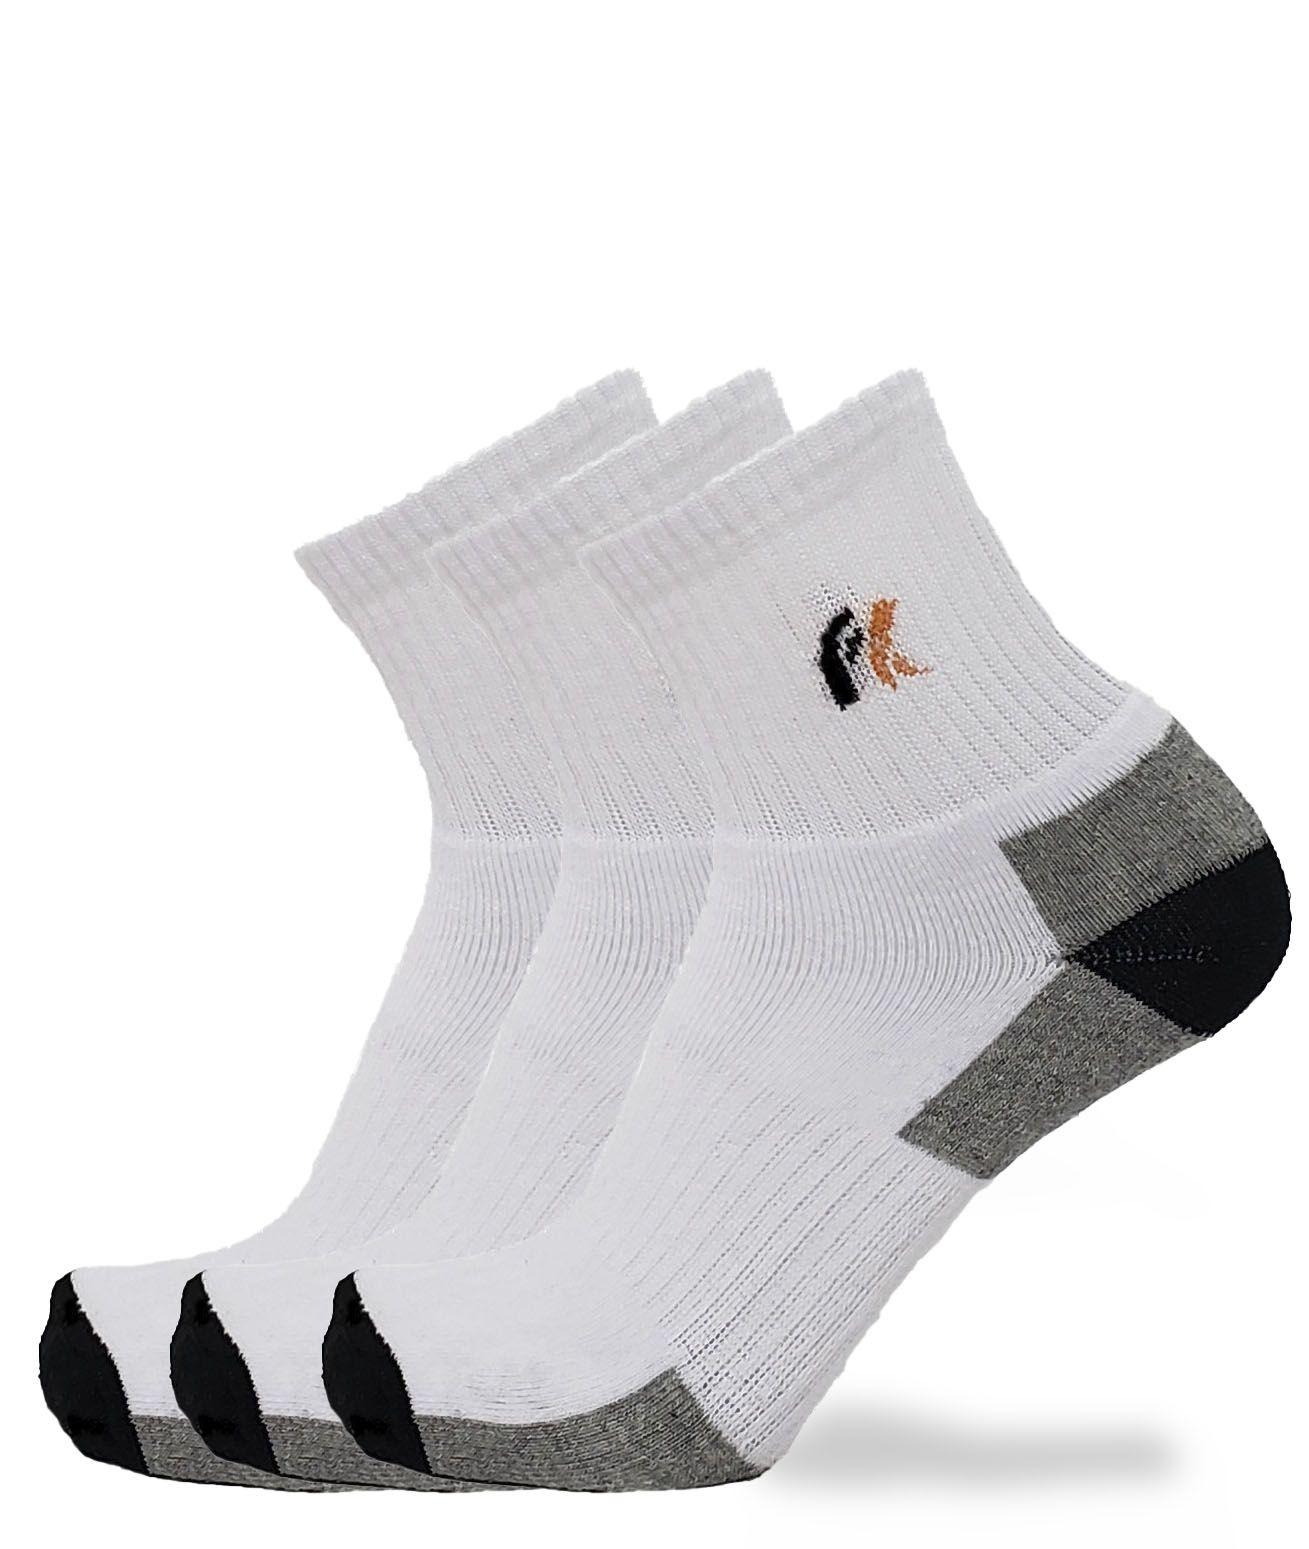 KIT COM 3 MEIAS FOOTLOOK FL04LY 39/43
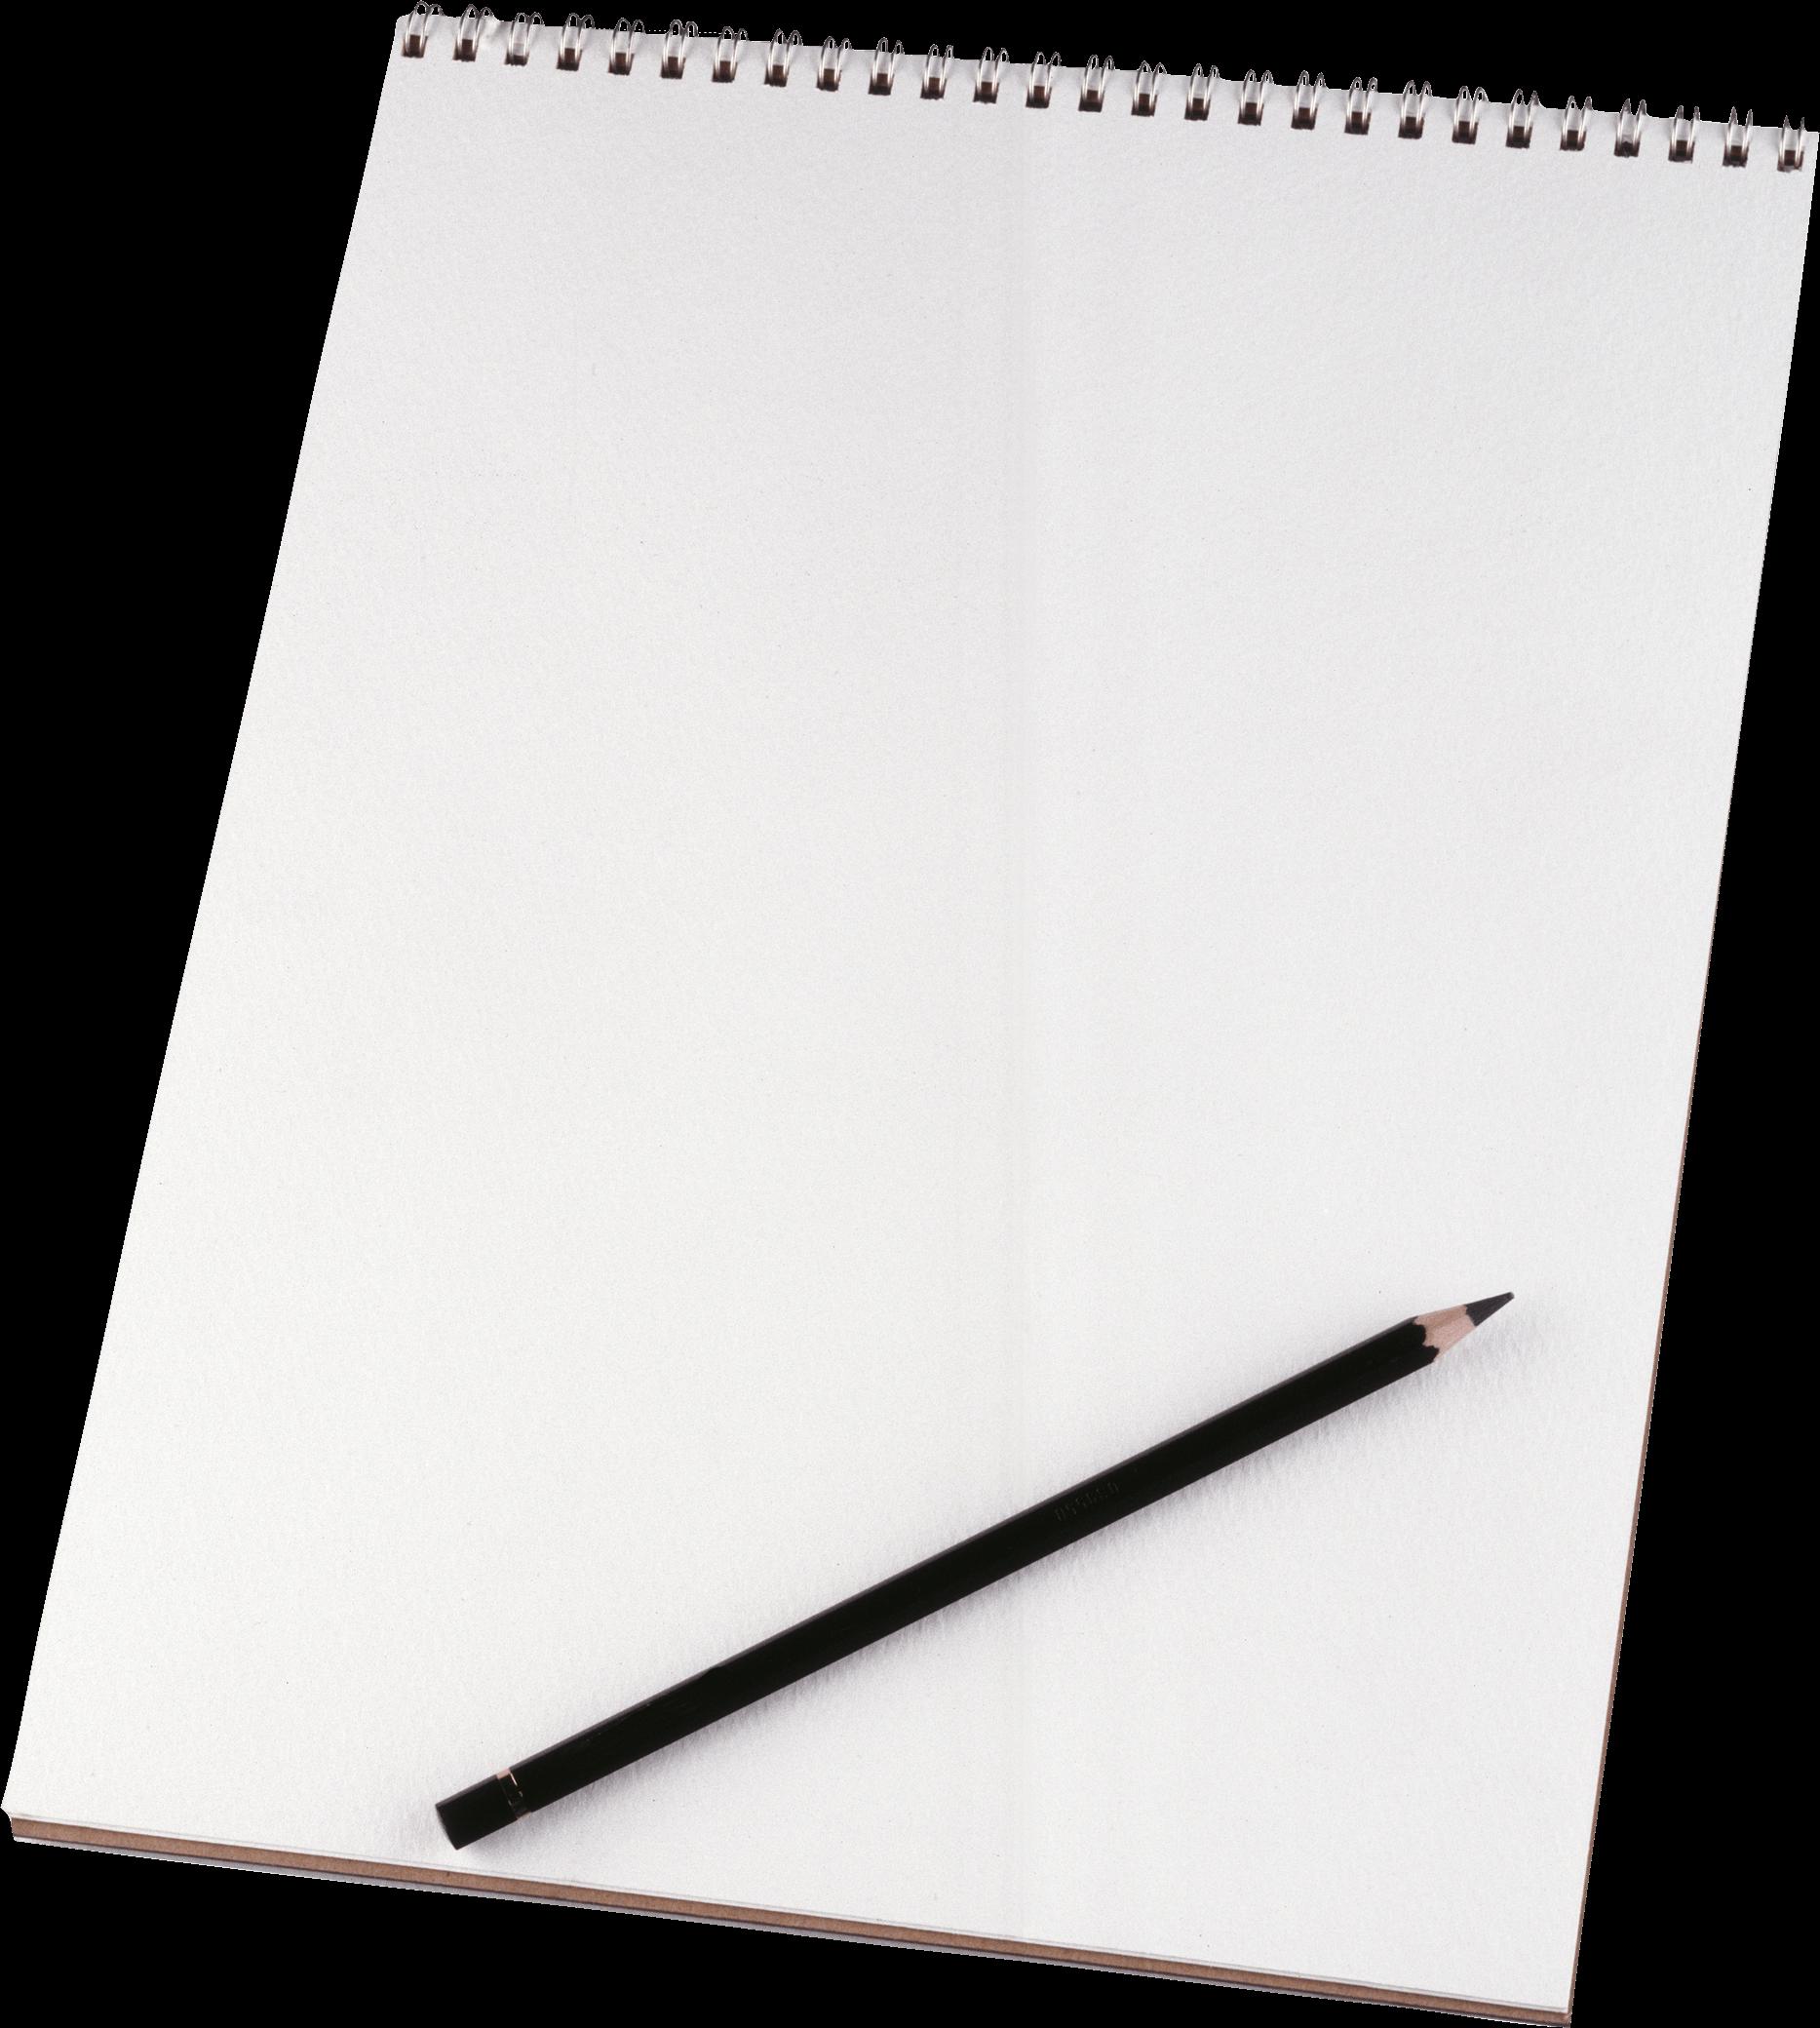 Notebook clipart notebook sheet. Paper pencil transparent png
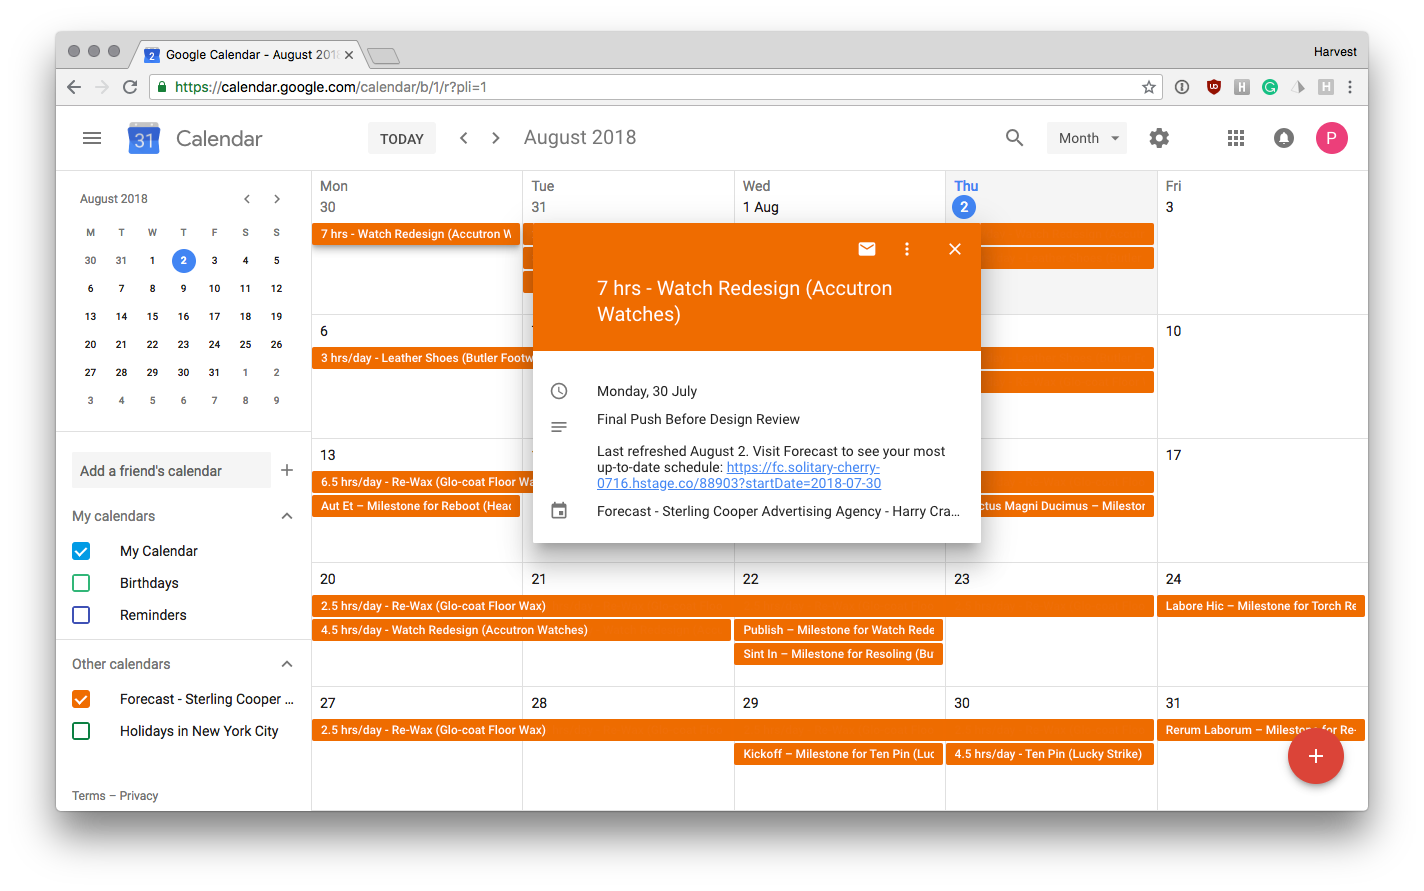 Google Calendar with Forecast Schedule

----------

Required action: Set down the material above exactly as written, but not the pictures.

Response area:
 KIT COM 3 MEIAS FOOTLOOK FL04LY 39/43
 Notebook clipart notebook sheet. Paper pencil transparent png
 Google Calendar with Forecast Schedule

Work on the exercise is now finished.